Excerpted records:
┌────────

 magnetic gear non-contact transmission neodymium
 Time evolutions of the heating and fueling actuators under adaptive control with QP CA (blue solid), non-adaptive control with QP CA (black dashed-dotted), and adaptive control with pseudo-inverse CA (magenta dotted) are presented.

└────────
┌────────

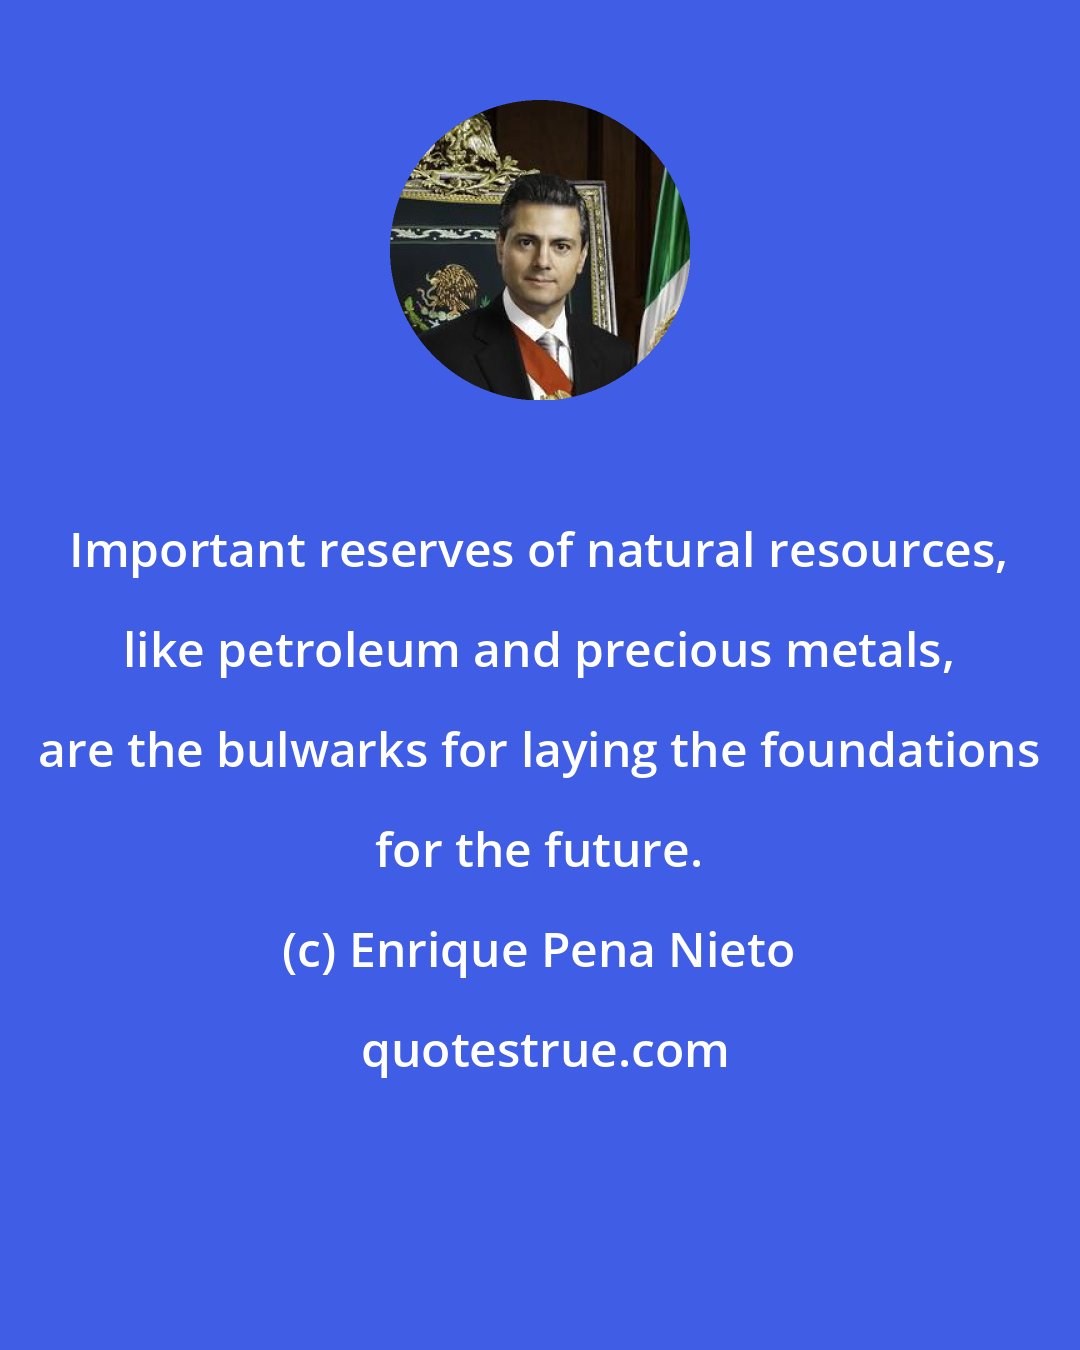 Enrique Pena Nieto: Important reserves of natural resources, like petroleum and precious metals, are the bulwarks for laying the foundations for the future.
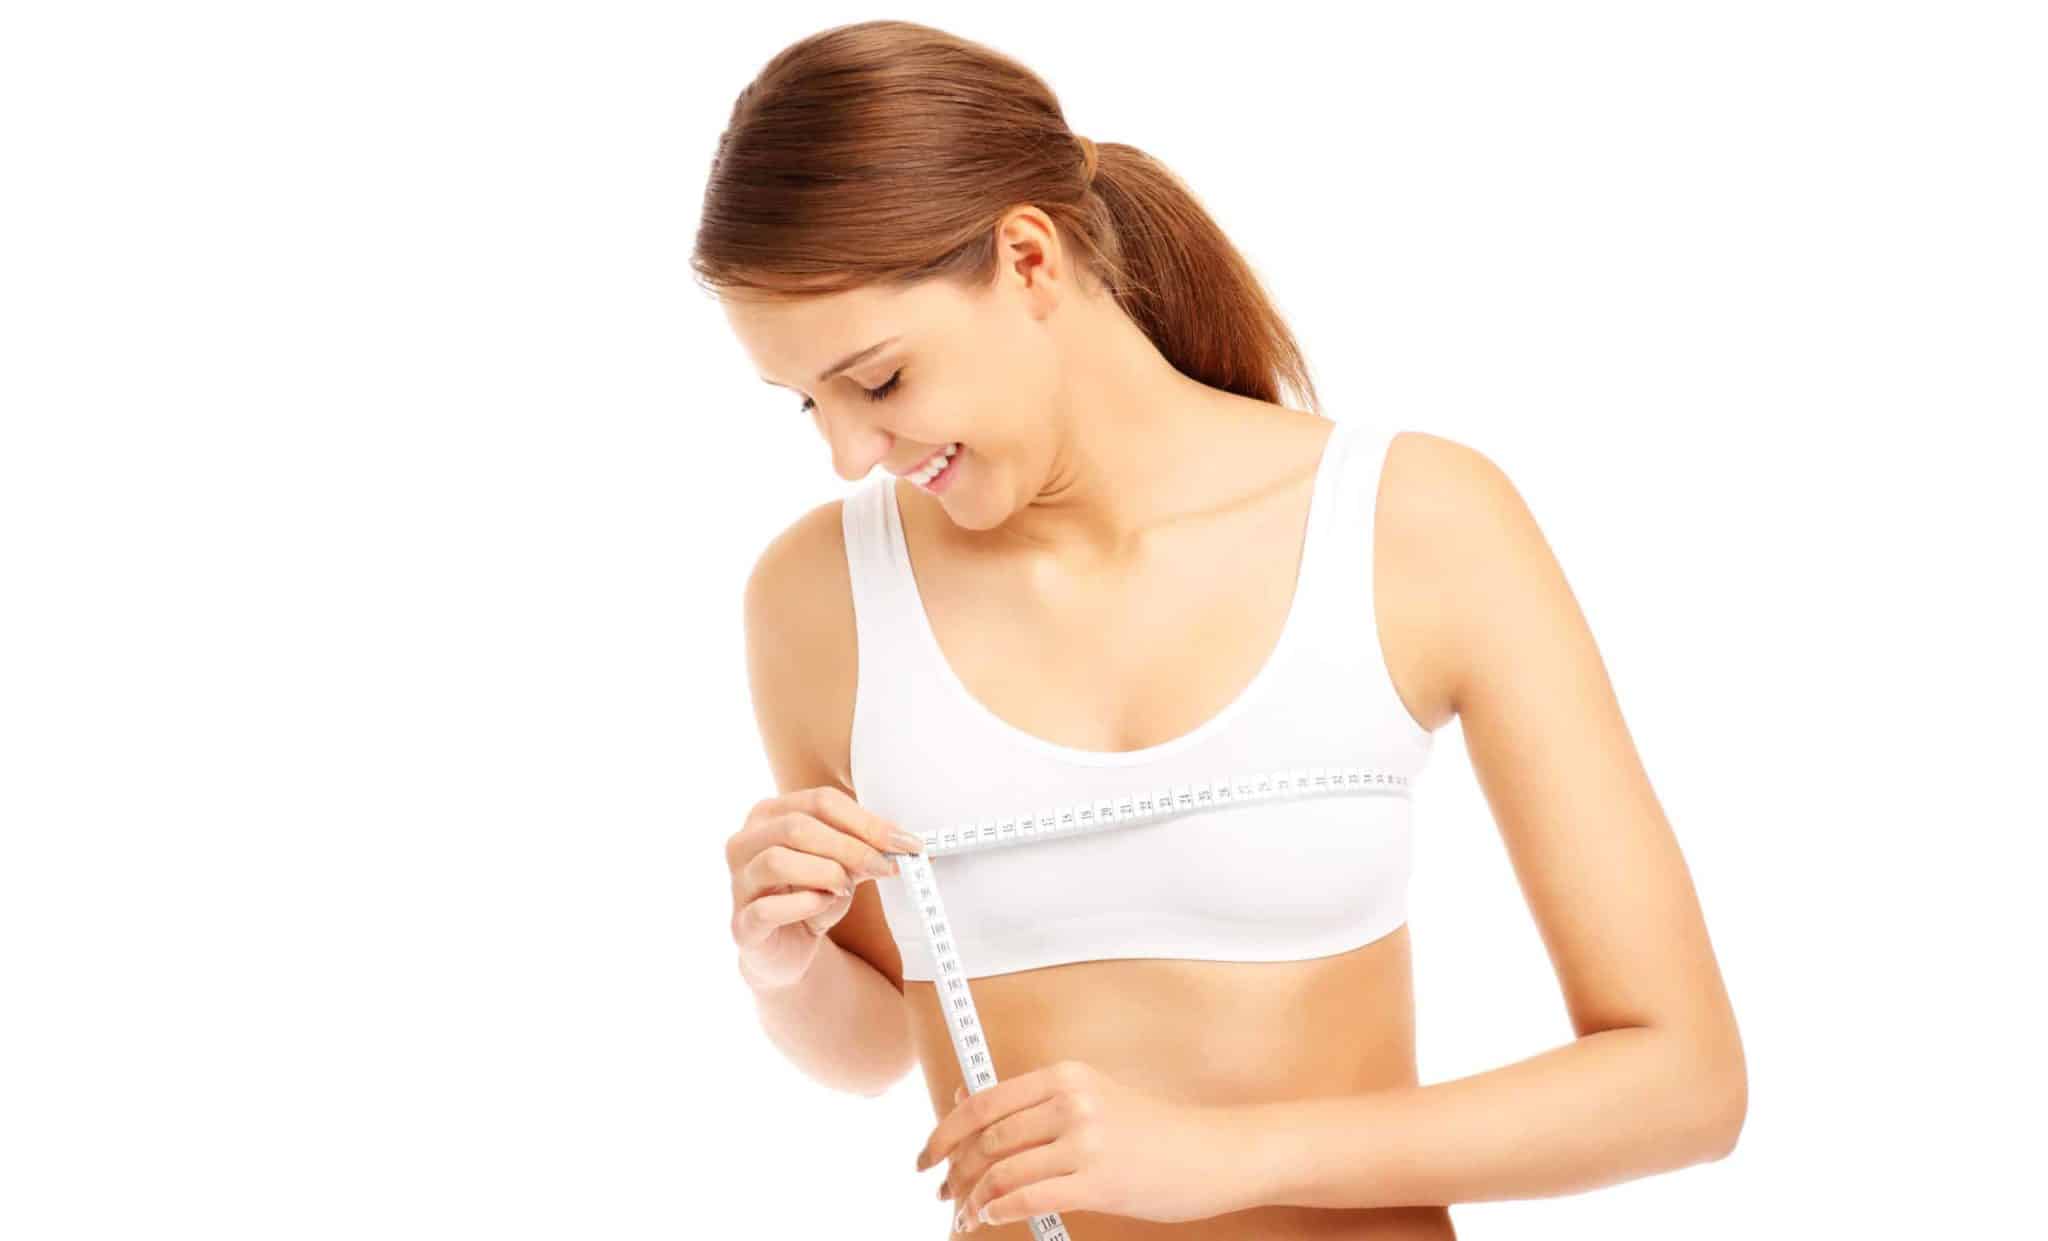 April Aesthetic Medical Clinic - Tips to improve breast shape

└────────

Task objective:
Within the entries above, the lines from the one containing "Enrique Pena Nieto: Important" through the one containing "April Aesthetic Medical" are to be transcribed exactly, ends included, pictures excluded.

Task output:
 Enrique Pena Nieto: Important reserves of natural resources, like petroleum and precious metals, are the bulwarks for laying the foundations for the future.
 April Aesthetic Medical Clinic - Tips to improve breast shape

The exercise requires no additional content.